Where does life happen?
For a while, I took pride in being a planner and second-guesser.
In a small way, it was my job. In both my first and current one, I had to second-guess what I was putting out there so I could find the best way to do the work. And it worked.
In a larger way, it’s who I am. I got through some big obstacles in life by thinking it over and over, and by building plans whether I saw them through or not. It got me to where I am, and it kept me safe.
Predictably, it kept me too safe.
I’m pretty sure I missed half my life while I guessed and planned the time away. I ran out of valuable experiences I could have used to improve the plans I was making. It kept the world small.

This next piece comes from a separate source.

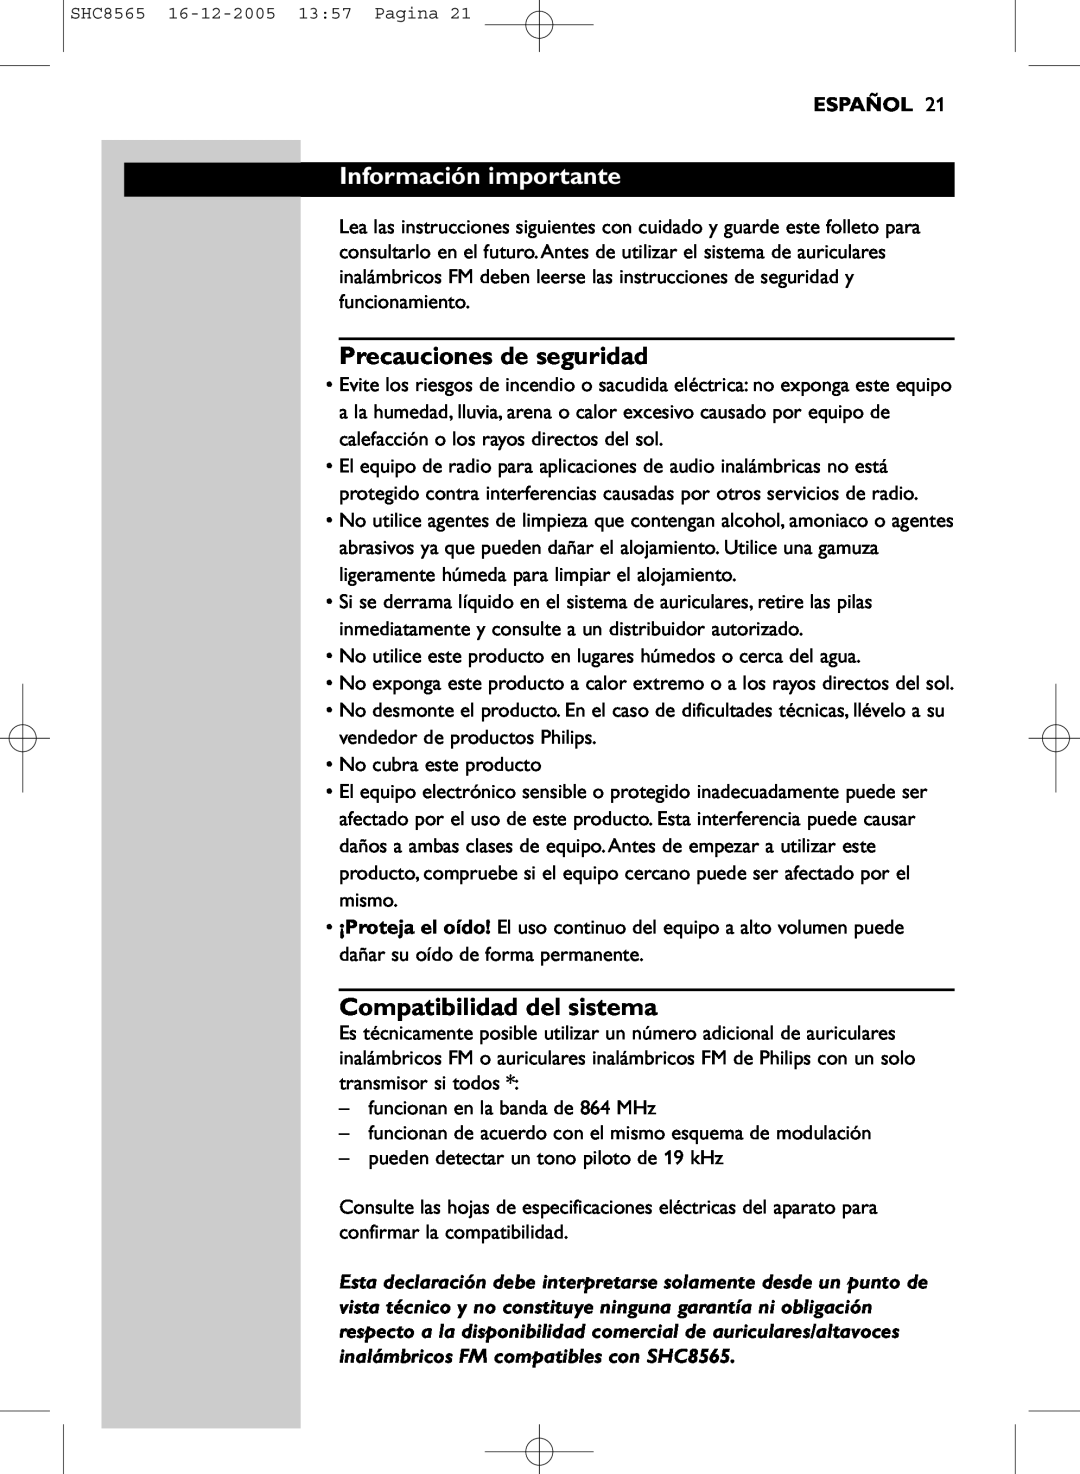 Philips SHC8565 manual Información importante, Precauciones de seguridad, Compatibilidad del sistema, Español

Weirdly enough, some too-safe, careless choices disguise themselves as leaps of faith. For example: my college course, which was just a safe career path for me. My first job, which I had little to no motivation for except that it kept me fed and employed. Several relationships too, when my gut said no but I took a badly-calculated risk.
I also realized I could schedule too much.
When it was time to jump into action, I tried to stay mid-leap and forgot to hit the ground to recover. Case in point: I burned out bad in January because I was following too many plans. I said yes to too many things and tried to grow my life too quickly.
I missed the part of the Life Manual stating rest was required to move on. I should have scheduled for rest days if that was the only way I could get myself to slow down.
You can’t plan your way through life.
That’s what I learned in February. I declared it a month of rest, and it responded with people to see and places to be every weekend. All for love, of course, and none of it for the greater good of the world. Just to fulfill the familiar truism that life is what happens when you’re too busy making plans.
So I’ve decided that life happens between the bullet points.
It happens between appointments when I’m rushing but I steal a second to pet a puppy. It happens when I show up for coffee, and a friend shows an excitement for my plans that my planner will never give me. It happens between the notes, between ideas, between best-made plans and intentions. It happens between jumping and landing, not when I’m staring at the distance down and counting the odds of making it.
It happens, most of all, when I don’t schedule it to happen to me.